(RECORDS PROVIDED Opens)
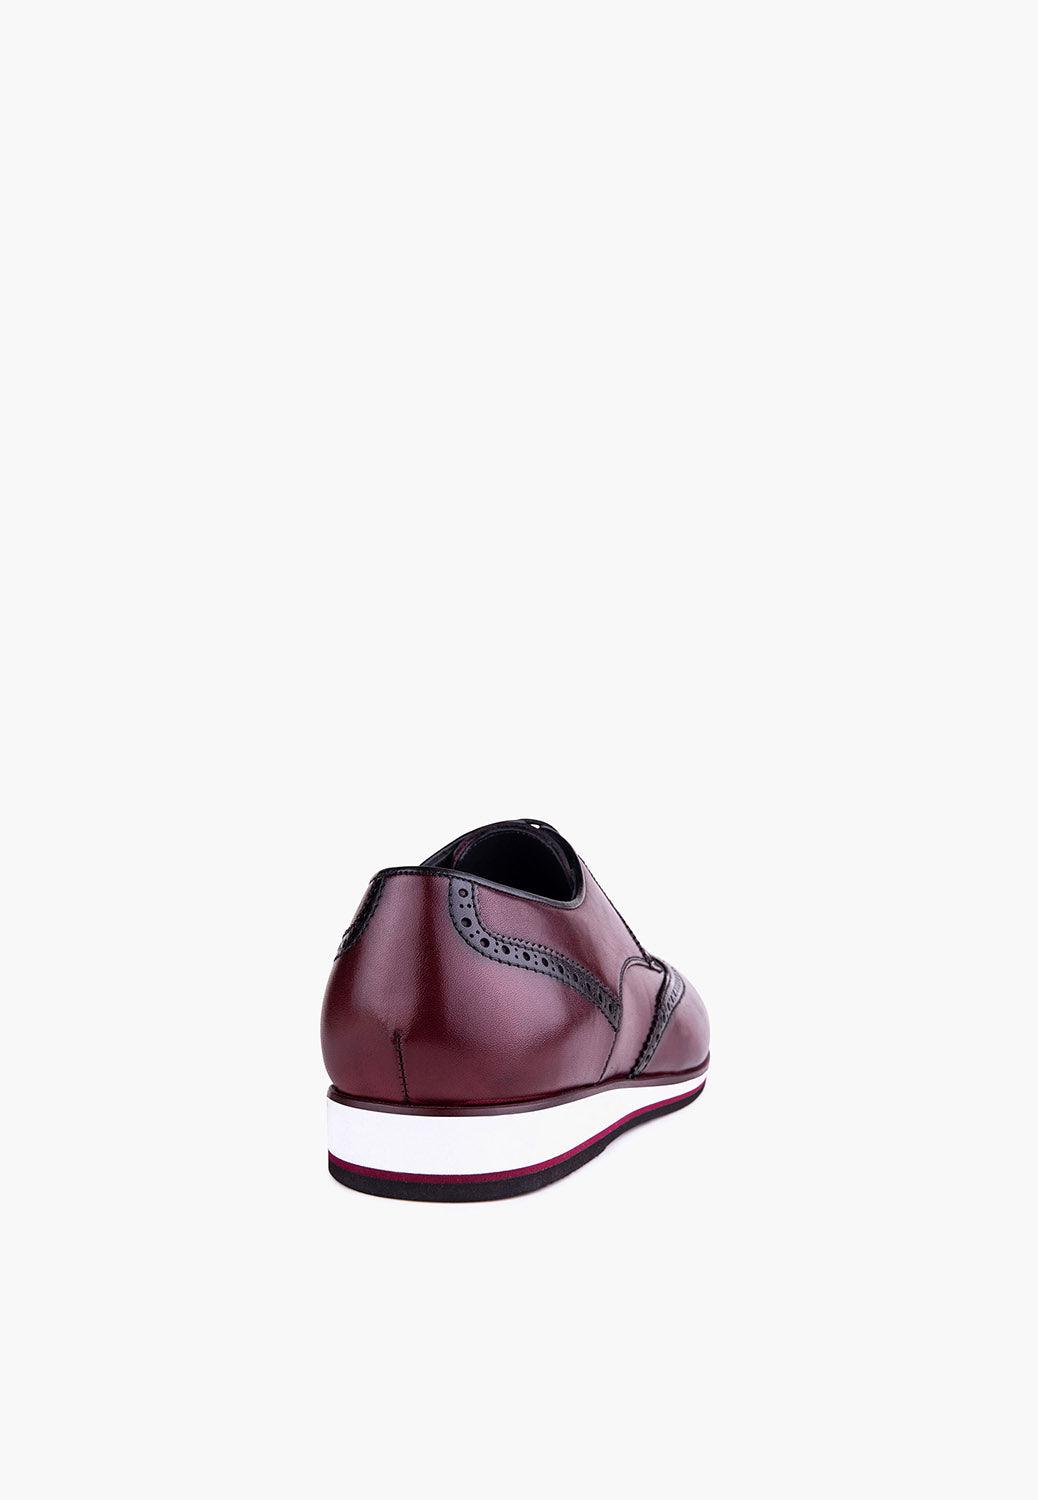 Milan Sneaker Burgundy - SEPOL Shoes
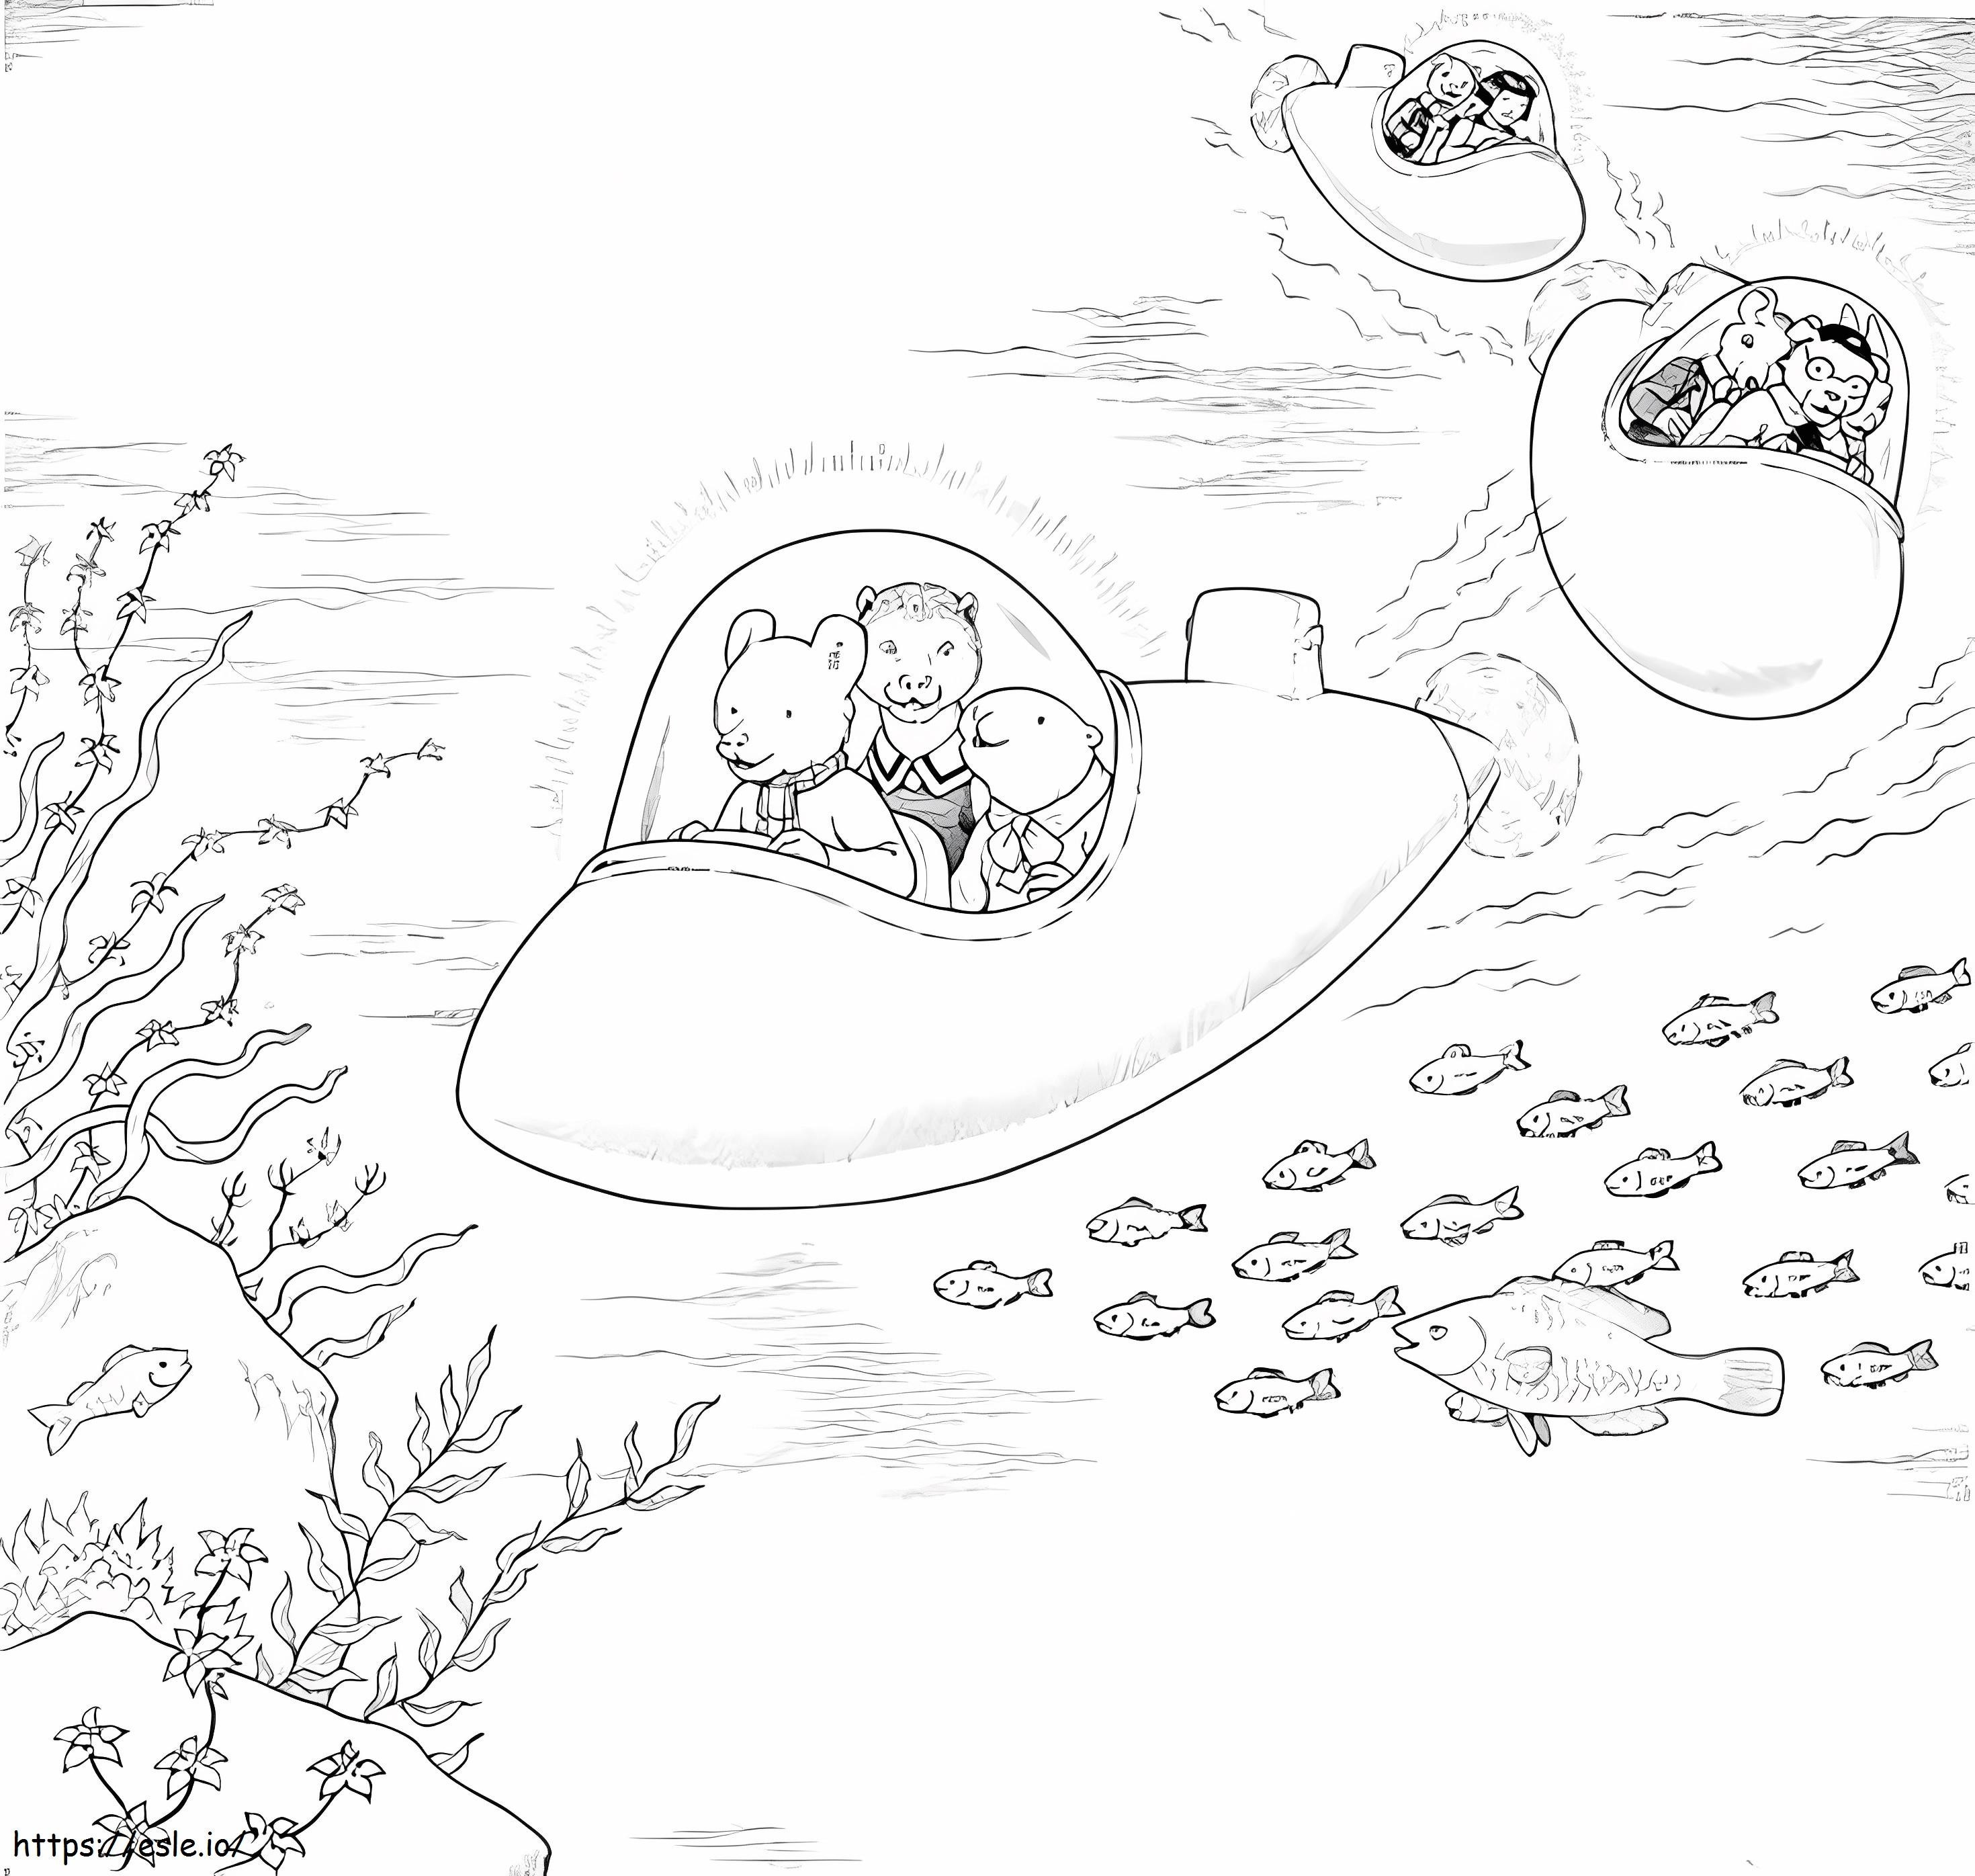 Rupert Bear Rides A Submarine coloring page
(RECORDS PROVIDED Closes)
(RECORDS PROVIDED Opens)
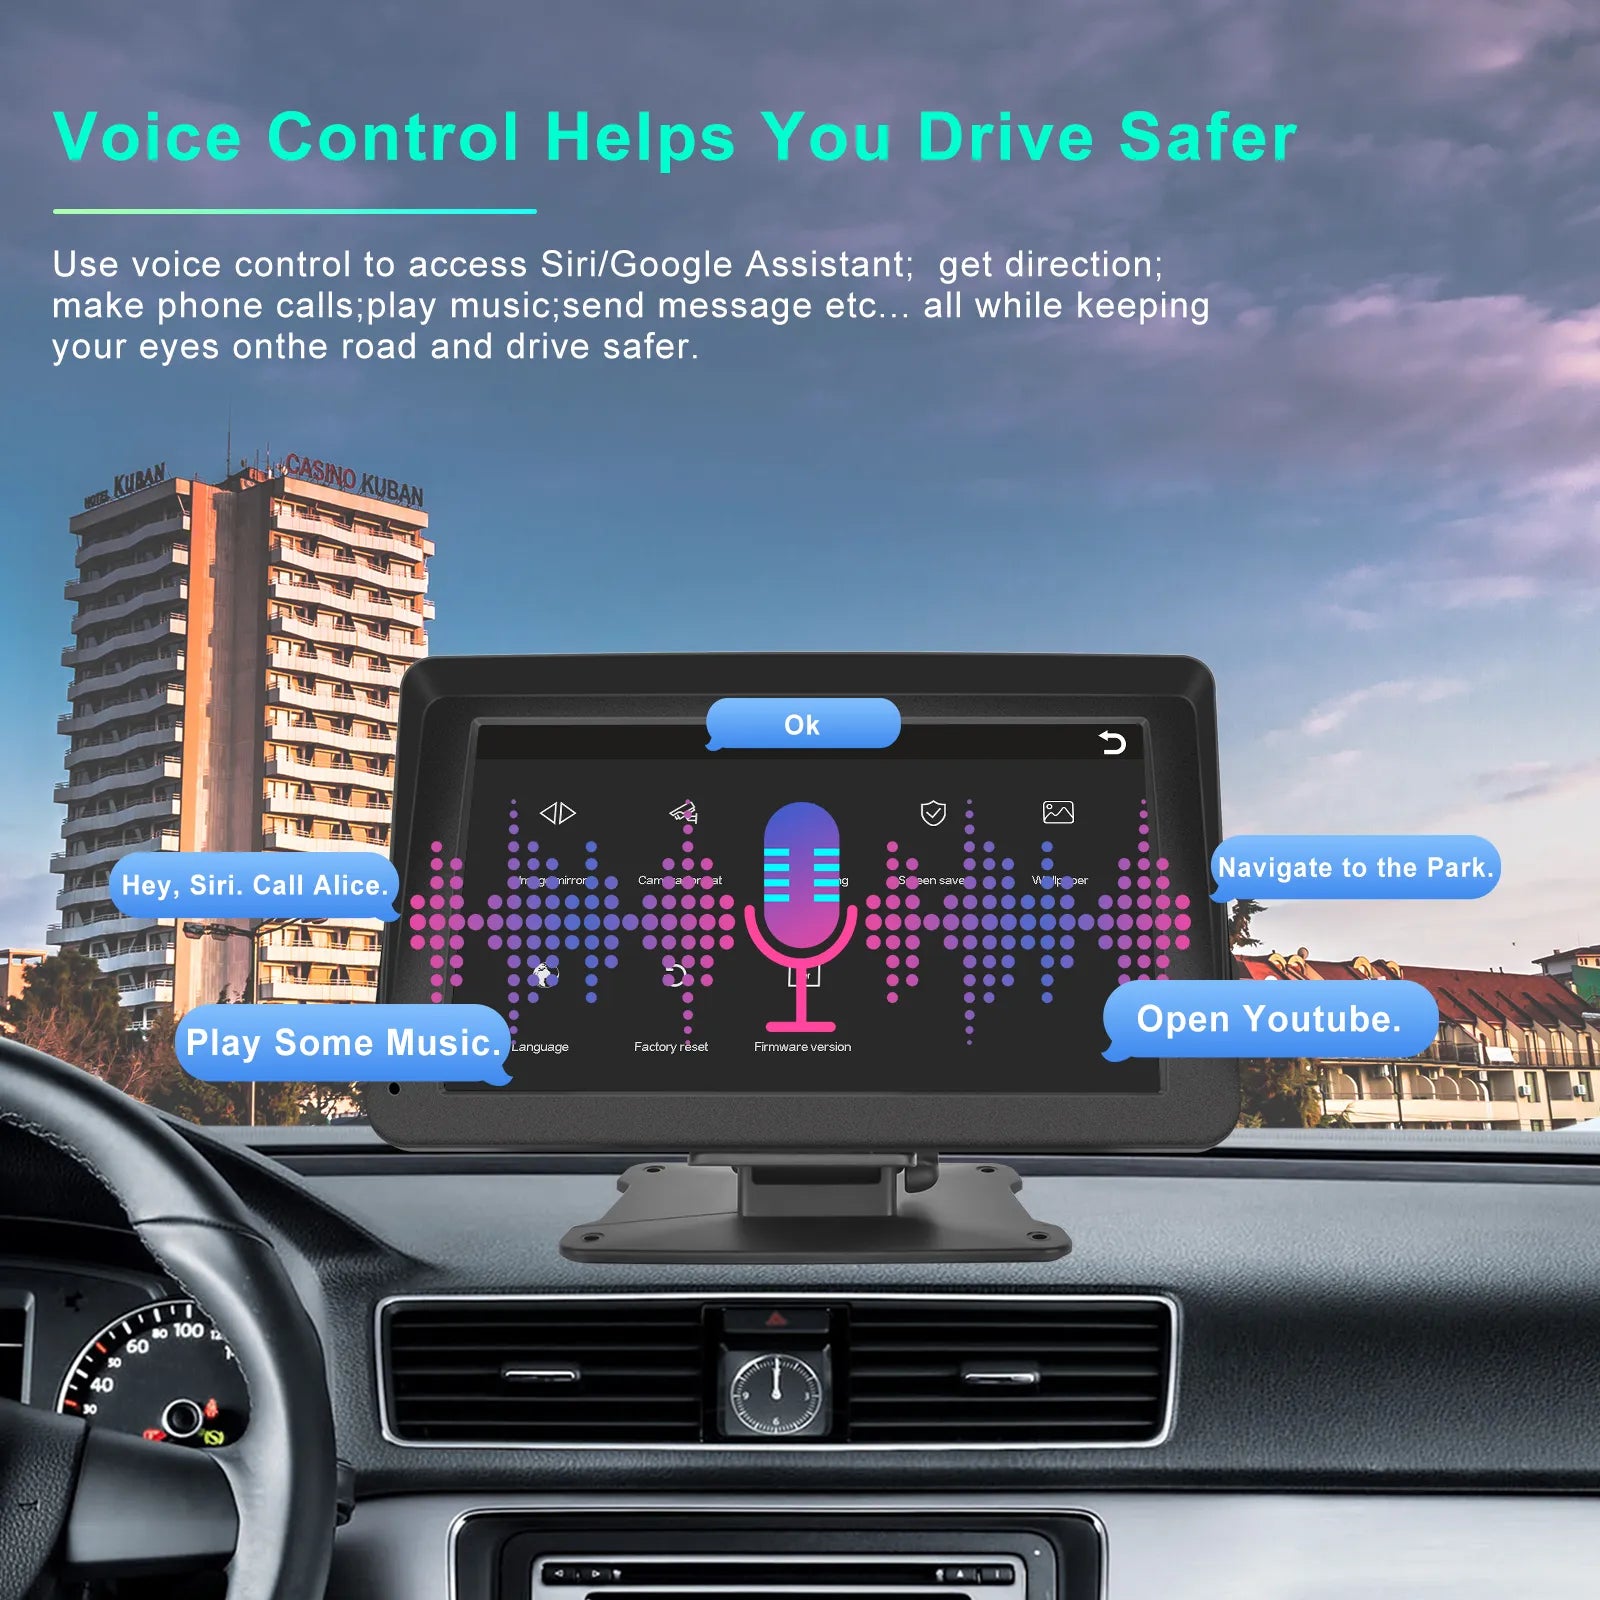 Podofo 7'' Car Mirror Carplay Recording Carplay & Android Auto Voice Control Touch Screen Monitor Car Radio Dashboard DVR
(RECORDS PROVIDED Closes)
(RECORDS PROVIDED Opens)
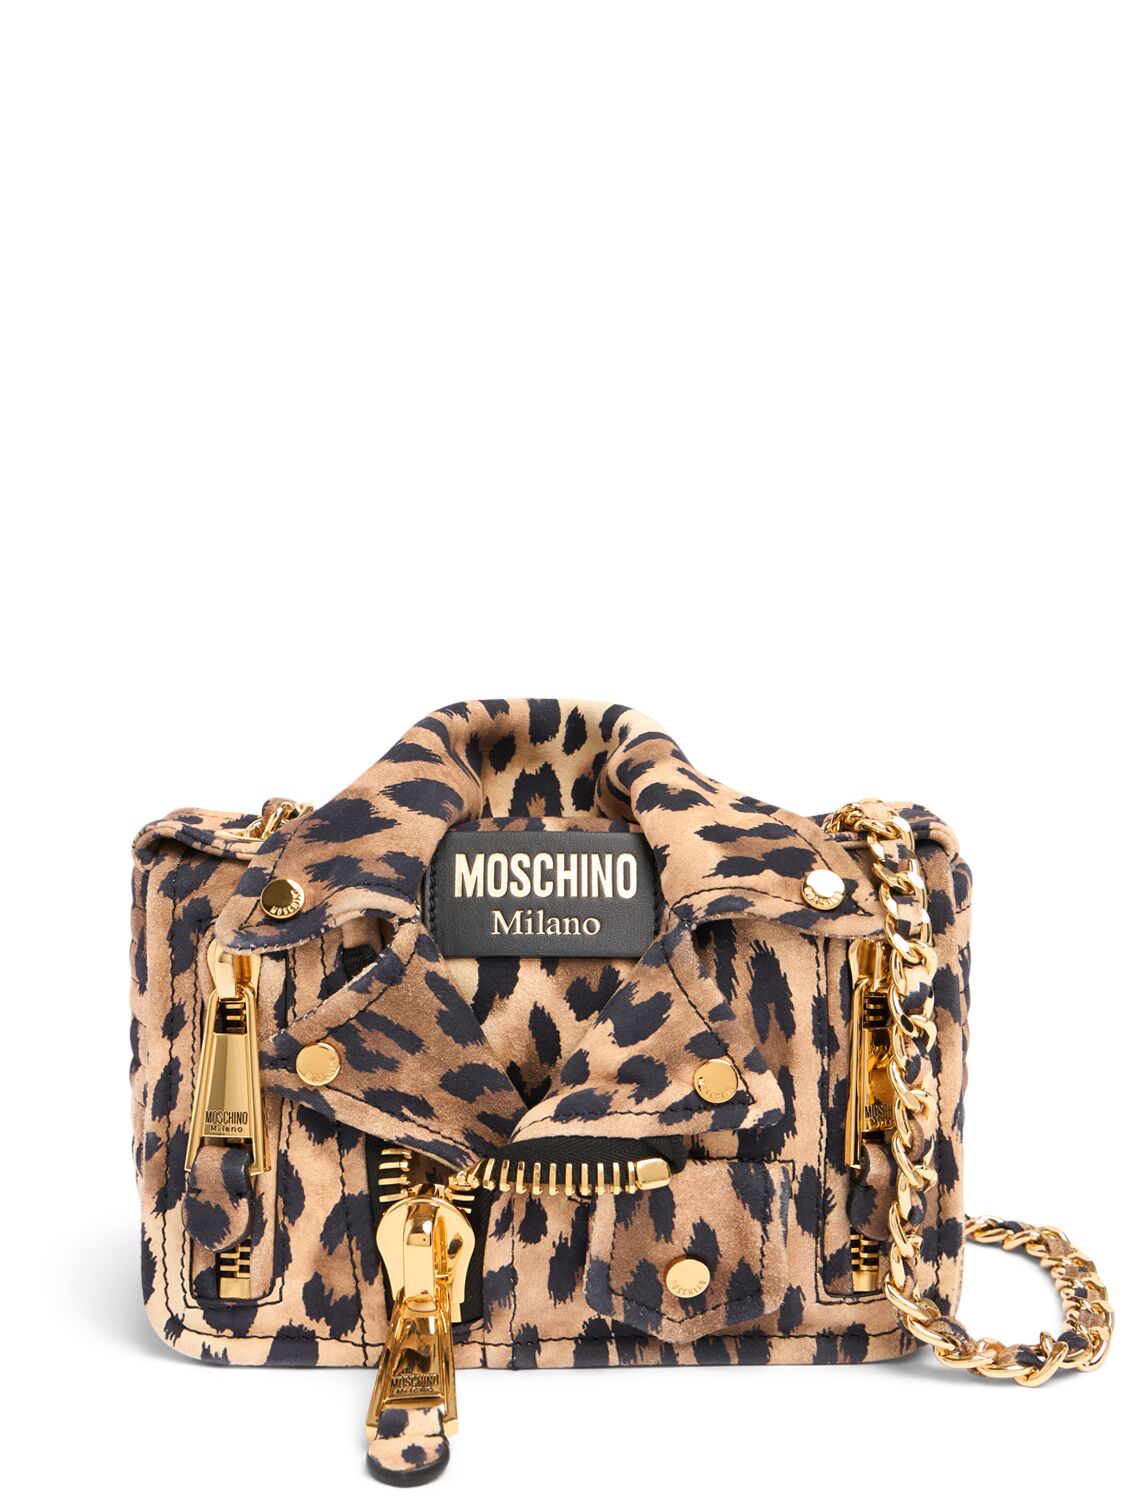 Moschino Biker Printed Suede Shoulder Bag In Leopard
(RECORDS PROVIDED Closes)
■ **BRIEF**:
Above are some entries. Restate word for word the lines from the one holding "Milan Sneaker Burgundy - SEPOL Shoes" through the one holding "Rupert Bear Rides A Submarine coloring page", but not the pictures.

■ **TASK ANSWER**:
 Milan Sneaker Burgundy - SEPOL Shoes
 Rupert Bear Rides A Submarine coloring page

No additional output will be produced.